Like, where was Wisconsin or Nebraska in the mix? Or Michigan? Any perennial Big Ten leaders in the chase?
Well, jeesh! And phooey. None of those on the UI’s new nine-man 2014 commitment list declined any rival of that nature. For some, the only offer came from Illinois. Neuqua Valley receiver Mike Dudek chose the UI over North Dakota.
Rice Lake (Wis.) linebacker Austin Roberts had no tender from Wisconsin or anyone else. Only Mid-American schools appeared interested in Ohio defensive lineman Tito Odenigbo.
This news, if accurate, doesn’t breed confidence in Illini Nation, not after last year when the recruiting and performance left so much to be desired. Here we are in July with nine early commitments, and collectively they drew one Indiana offer and another from Northwestern.
With conferences being realigned monthly, should the UI join the MAC? Don’t answer that.
Before turning over this discussion to UI recruiting coordinator Alex Golesh, who has plenty to say, let’s go deeper on the latest July pickup, Julian Hylton (6-foot-1, 180) of Lincoln-Way North. He is a two-star with no other offers.
But here’s a guy who ran a blistering 10.68 time in the 100, finished second in the state 100-meter dash as a junior, is a solid student, starred as a running back last fall and demonstrated in summer camp an ability to play cornerback on defense.
Sounds worthwhile to me. Maybe a sleeper, huh, Alex?

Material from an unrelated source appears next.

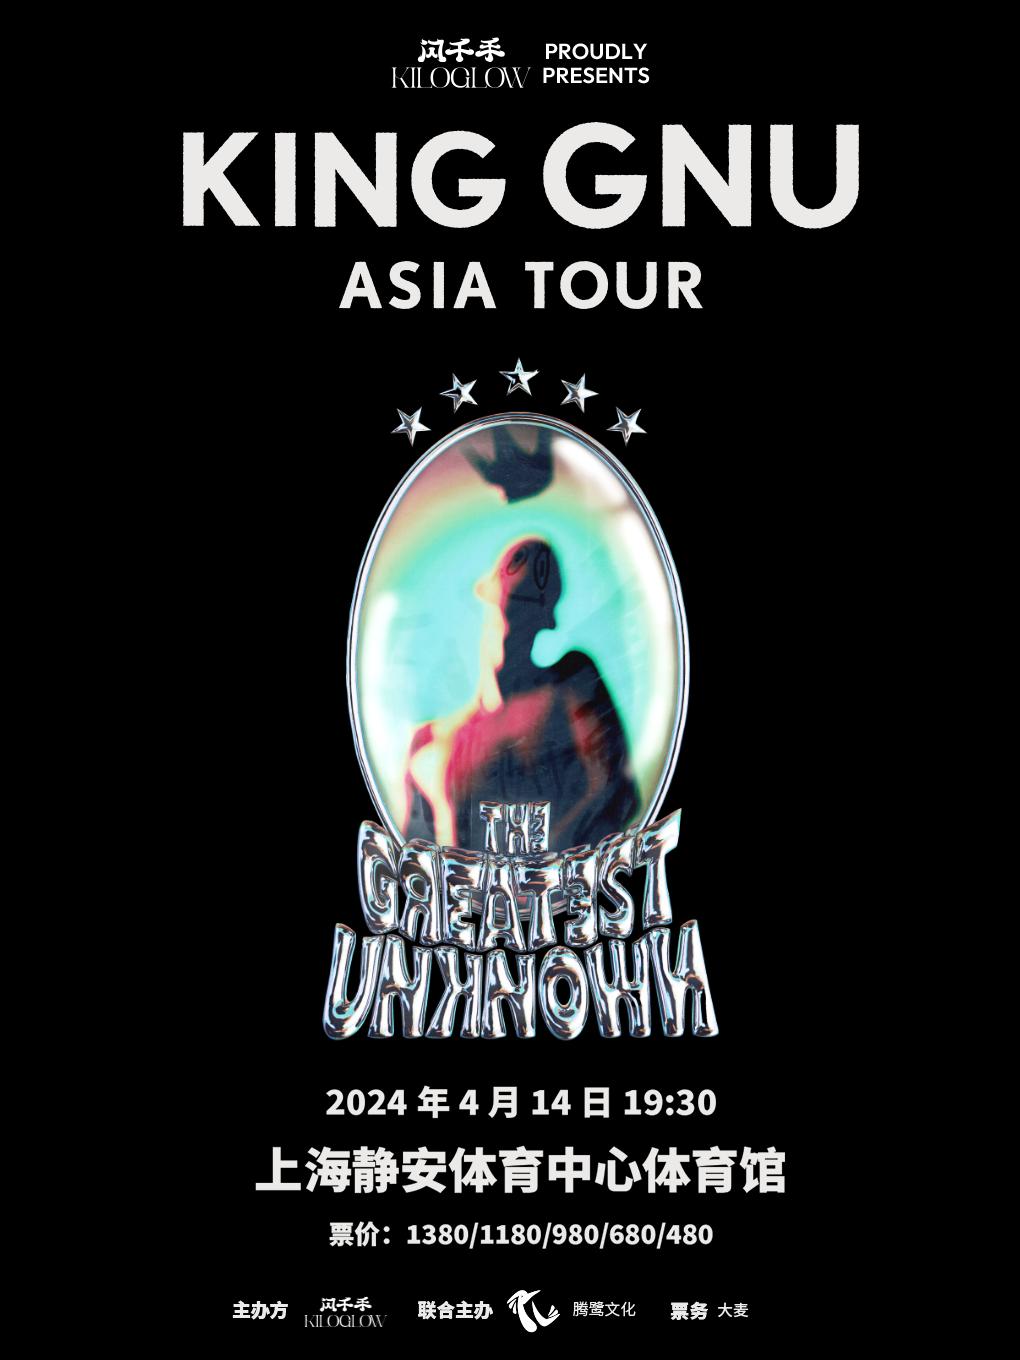 【代拍】King Gnu上海演唱会

“I understand, as a fan, you want to see an offer list,” Golesh said. “But in April, May and June, long before kids have played their senior season, there’s a lot to be said about early evaluations and projections.
“I want to reply sometimes to what you guys write (NCAA rules tend to forbid it).
An offer list isn’t always a good evaluation of how good a player is.
“What gets missed by services and reporters are a kid’s character, his home life and upbringing. The people he is around. The ability to reach his potential. And some kids can’t get out to camps and fall under the radar.”
Illini coaches point to Bryce Douglas, a freshman now on campus, as an example.
Under the radar at Plainfield Central, he had no offers. But the husky son of Bruce Douglas displayed extraordinary talent as a 315-pound defensive lineman in multiple UI camps.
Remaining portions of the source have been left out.